Converse of "contains"?

Consider the simple phrase “This bottle contains a bee”, is there a single word that would fit the formulation of “This bee [someword] a bottle”?

This is for a taxonomy of edges in a graph where a node might mention another node and that mention can be classed as a particular type. For “contains” the mention could occur at either end of the edge (e.g. “France contains Paris”, or “Paris [someword] France”).

This is subtly different from equivalence establishing mentions where the edge classification means the same in both directions. For example: “France is Bacon” implies “Bacon is France” (as well as an ignorance of late 16th C history).

Some examples to work from:

  • This bottle contains the bee; The bee ____ this bottle.
  • Europe contains France; France _____ Europe.
  • France contains Paris; Paris _____ France.
  • The forest contains the temple; the temple _____ the forest.

Solution 1:

The opposite of "contain" would be unloose, free, exposed, or exclude, so I don't think that is what the OP had in mind.

The simplest solution is "in".

The bee is in the bottle, France is in Europe, Paris is in France, etc.

But if you want a fancier word, encapsulated, might tick the container. Thus,

the bee is encapsulated by the bottle.

Solution 2:

It is not very idiomatic, but occupy fits your bee sample:

2 a :to take up (a place or extent in space)

  • this chair is occupied
  • the fireplace will occupy this corner of the room

4 :to reside in as an owner or tenant

  • occupies an apartment on a two-year lease

Merriam-Webster

However, the construction change you are trying can be considered to be a change to passive voice. So, the verb contains would change to is contained by (noted in comments to your question). A shortened form would be is in or is within.

Solution 3:

I understand you are looking for a technical word that expresses in common English the opposite predicate (function returning true or false) of contains. The verb occupy might work in real life examples, but does not seem exactly applicable to your use case with a graph.

I would suggest a solution by using a little lateral thinking. We can start with an analogy: in a programming language, you would express this with a function named is_in or belongs_to.

We could "not mind manoeuvers and go straight at them", i.e. use the same device in normal English:

This bottle contains the bee; The bee is-in this bottle.

Europe contains France; France is-in Europe.

France contains Paris; Paris is-in France.

The forest contains the temple; the temple is-in the forest.

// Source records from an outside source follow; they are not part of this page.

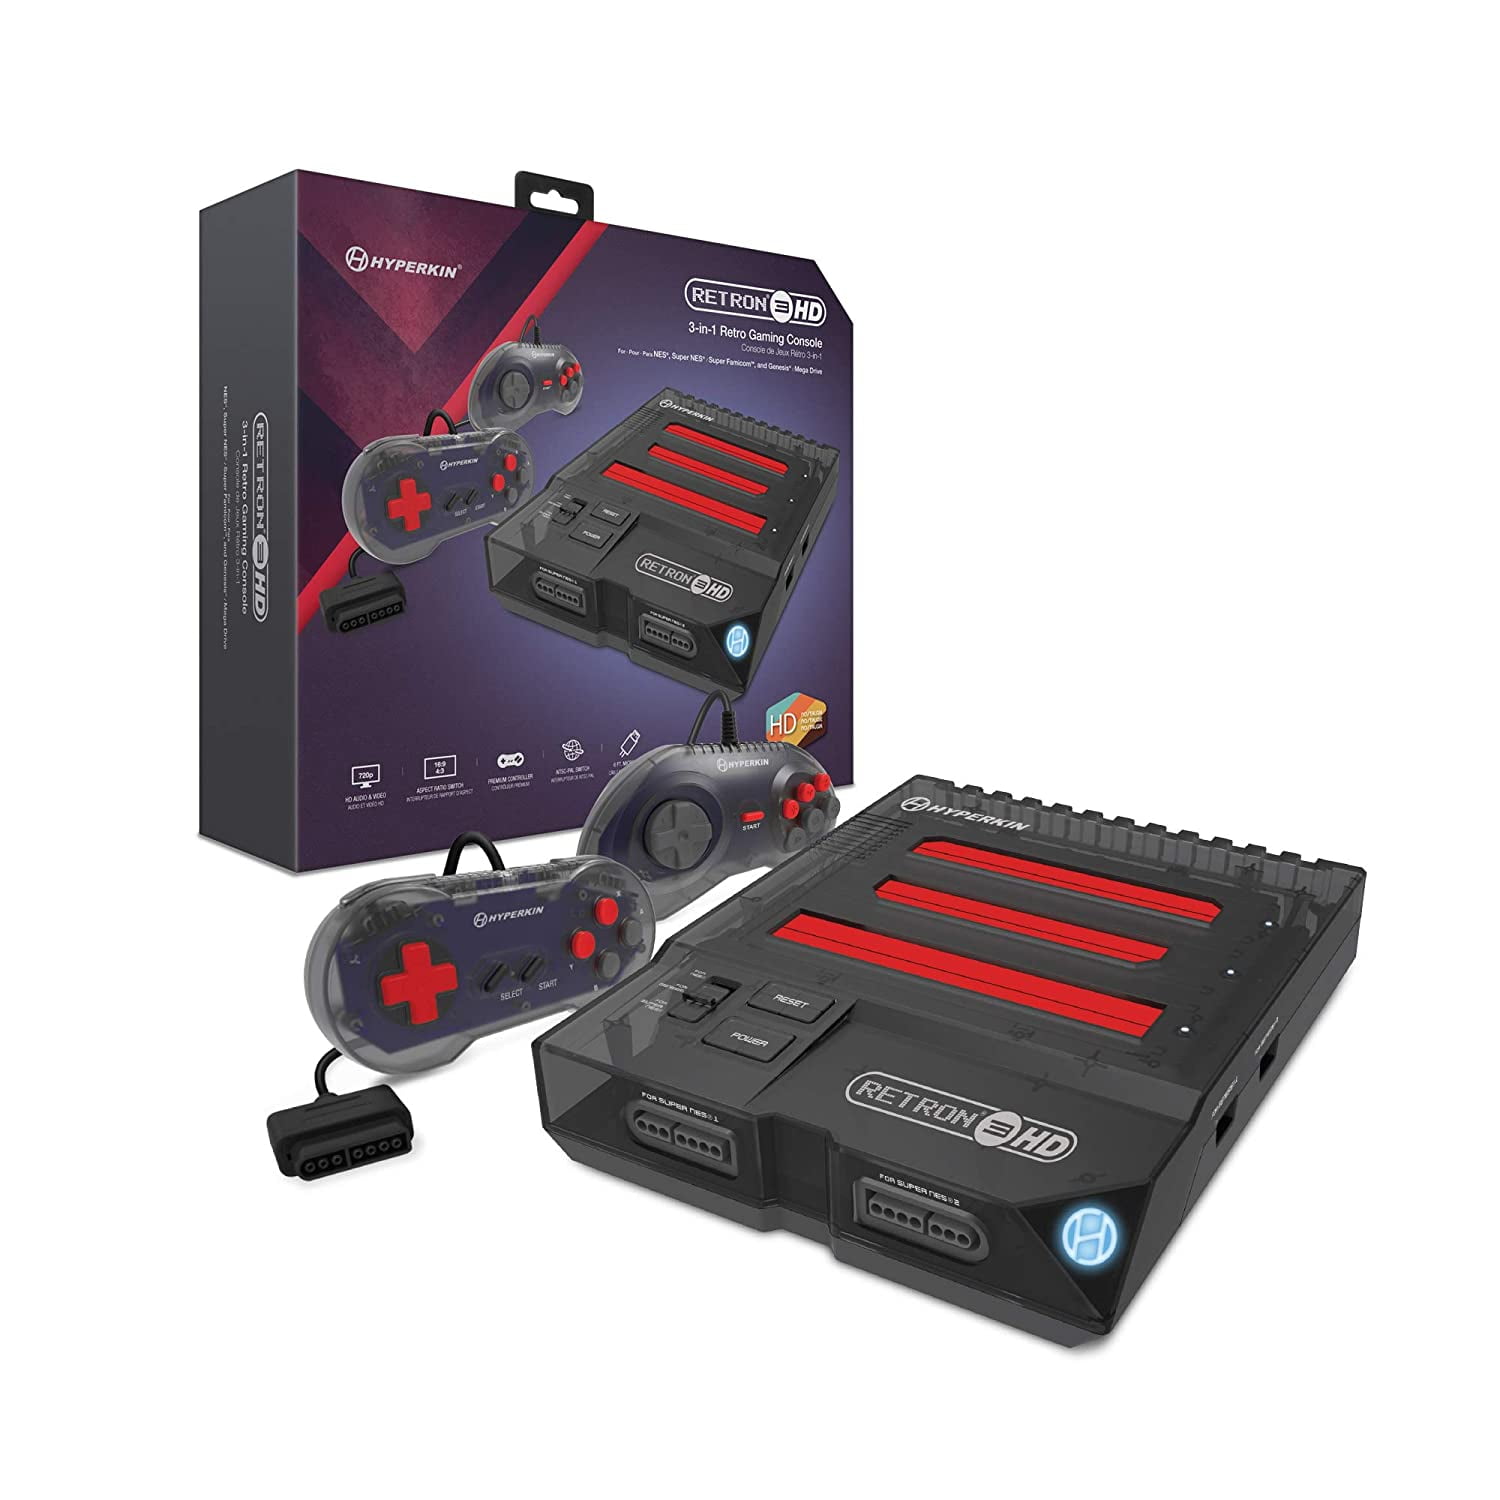 Emuladores Atari Nes Snes Megadrive Ps1 Ps2 Neogeo Arcade Atari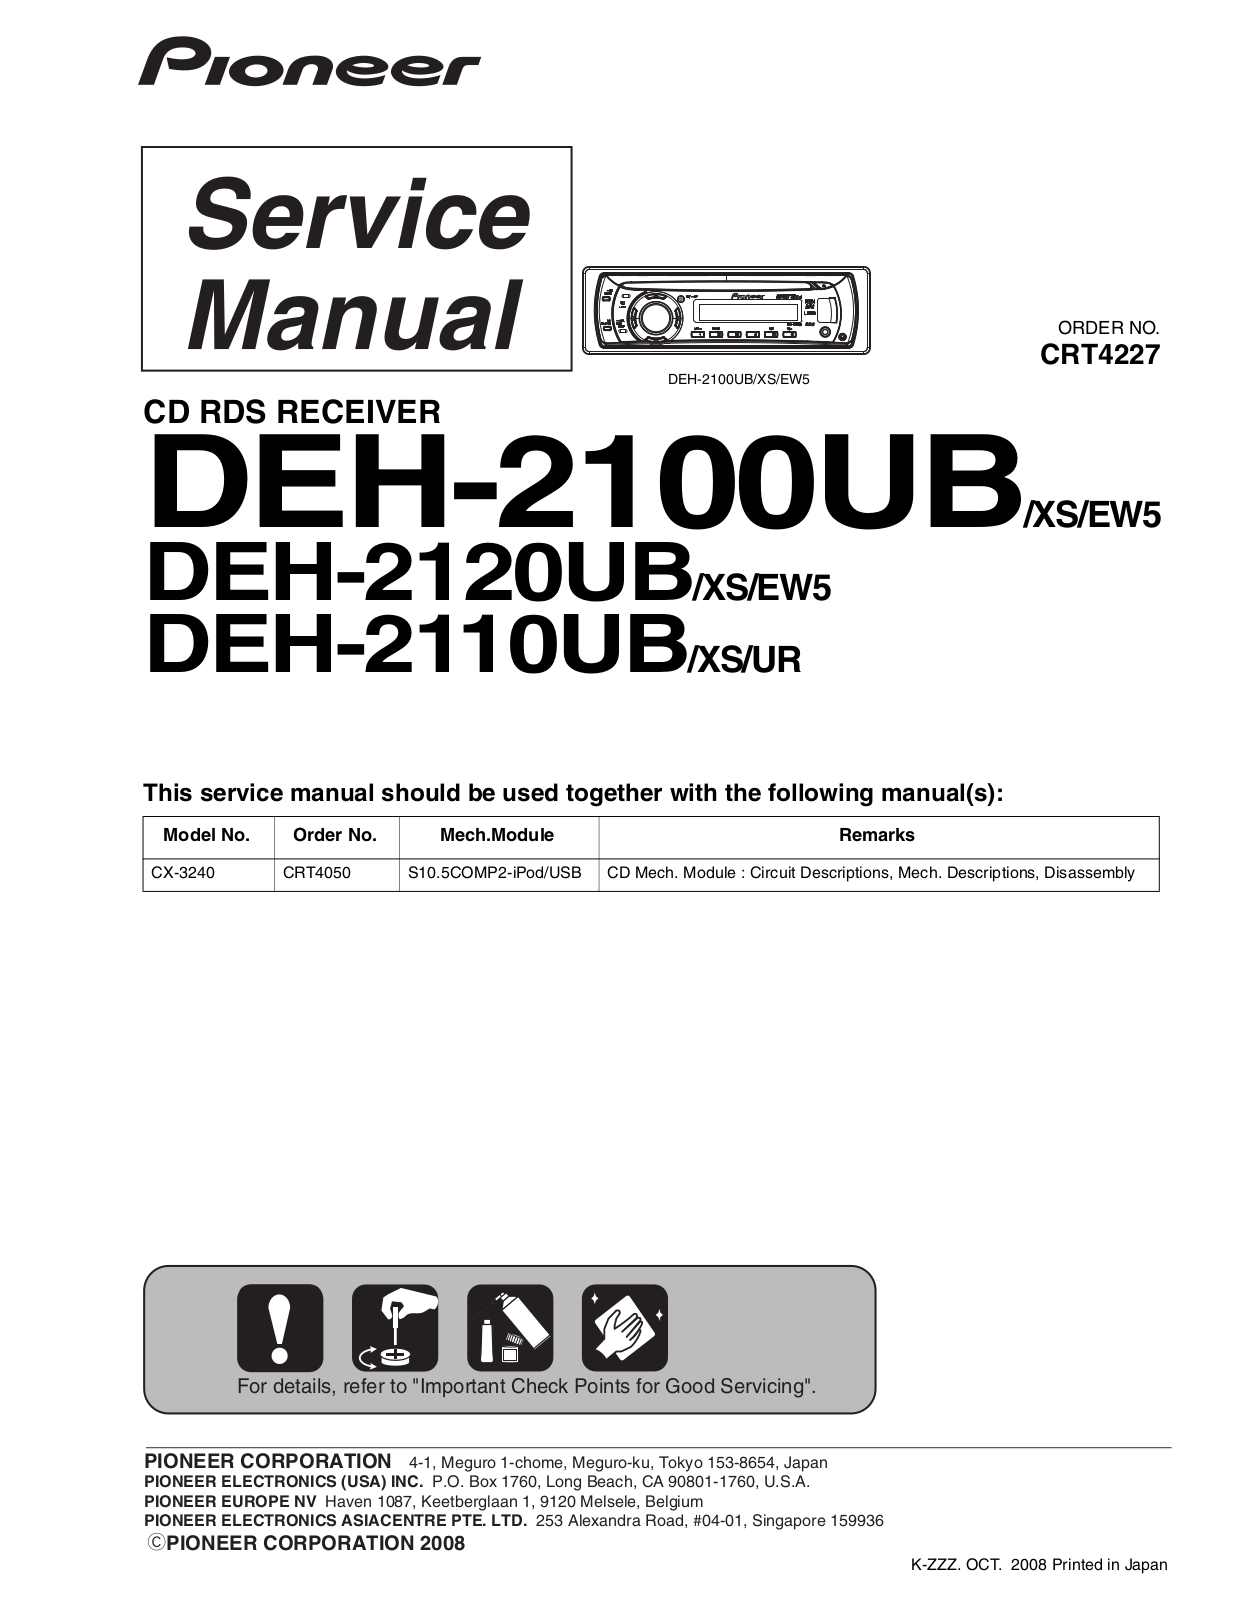 Pioneer DEH-2100UB, DEH-2110UB, DEH-2120UB Service Manual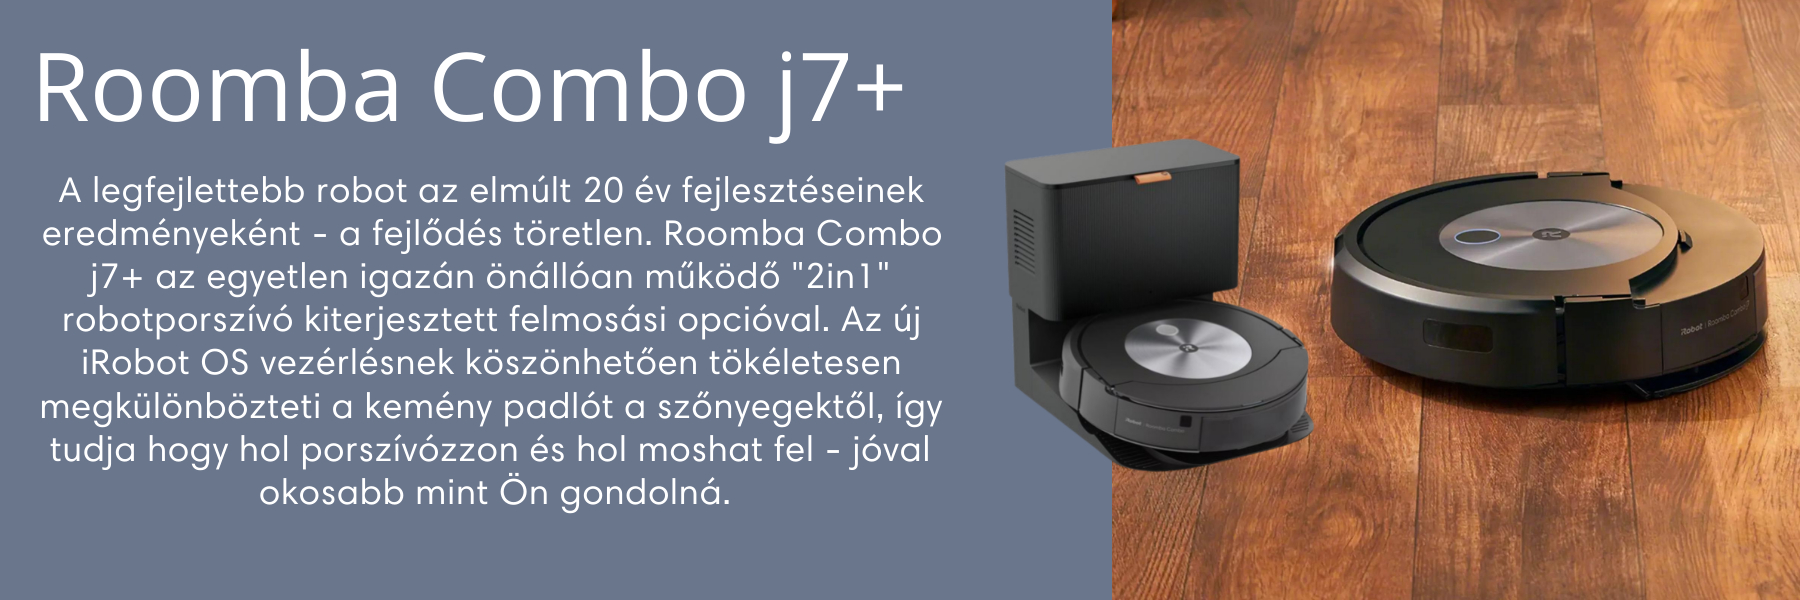 A legfejlettebb robot az elmúlt 20 év fejlesztéseinek eredményeként - a fejlődés töretlen. Roomba Combo j7+ az egyetlen igazán önállóan működő 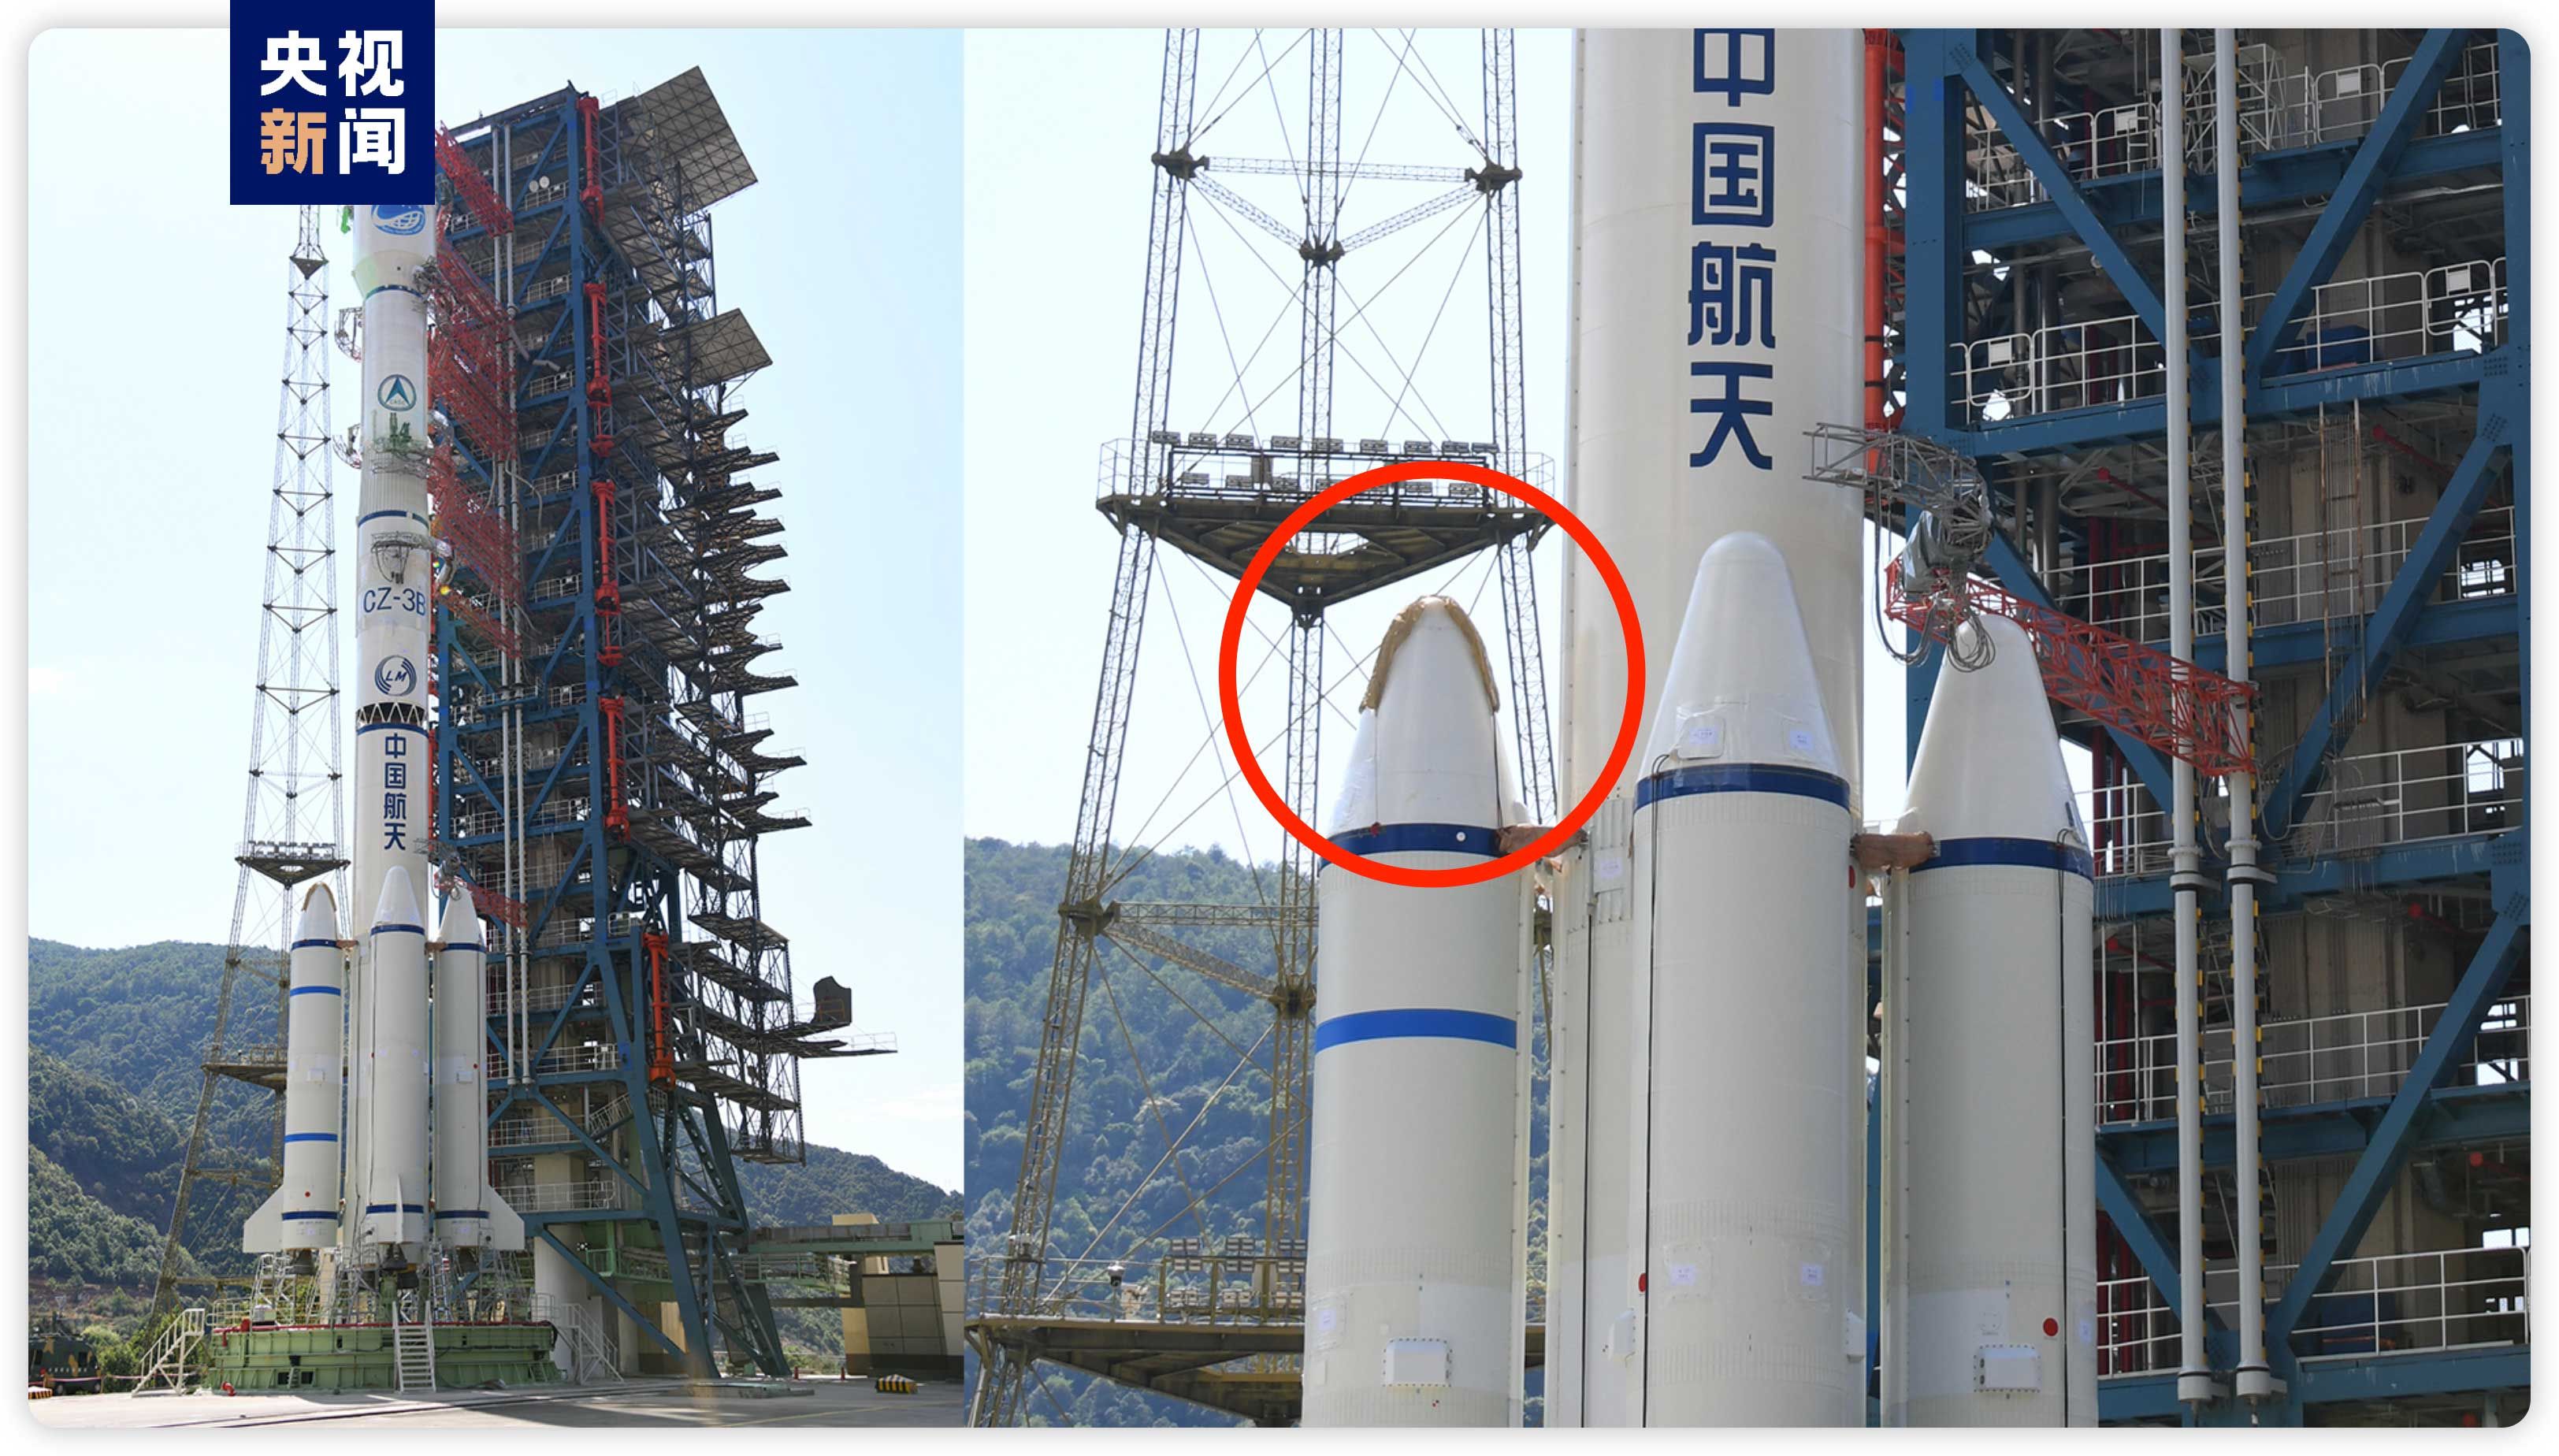 中国运载火箭技术发展和模式变革(运载火箭发射落区)

Non-technical people might initially frown at the hyphen, but would understand the meaning at once.

But for people in the know, it would work exactly as a transitive verb like occupy. Let me justify this usage by calling it an idiom (phrasal verb): in principle "be in" means just "be + in". But in your mind it would be transitive phrasal verb (neologism) that means:

be-in (transitive): in a graph, to connect a mentioned node to a mentioning node (opposite of contain).

(I apologize for the awkward definition and you might find a better one.)

The hyphen is optional, but it would convey this phrasal nature of your expression without ambiguity, and would be self-evident to your readers.

The justification here is expediency, shortness, and the requirement of being understood, in a technical paper. In any case, that would require a definition note in any formal paper (and needless to say, it might be considered anathema in other contexts).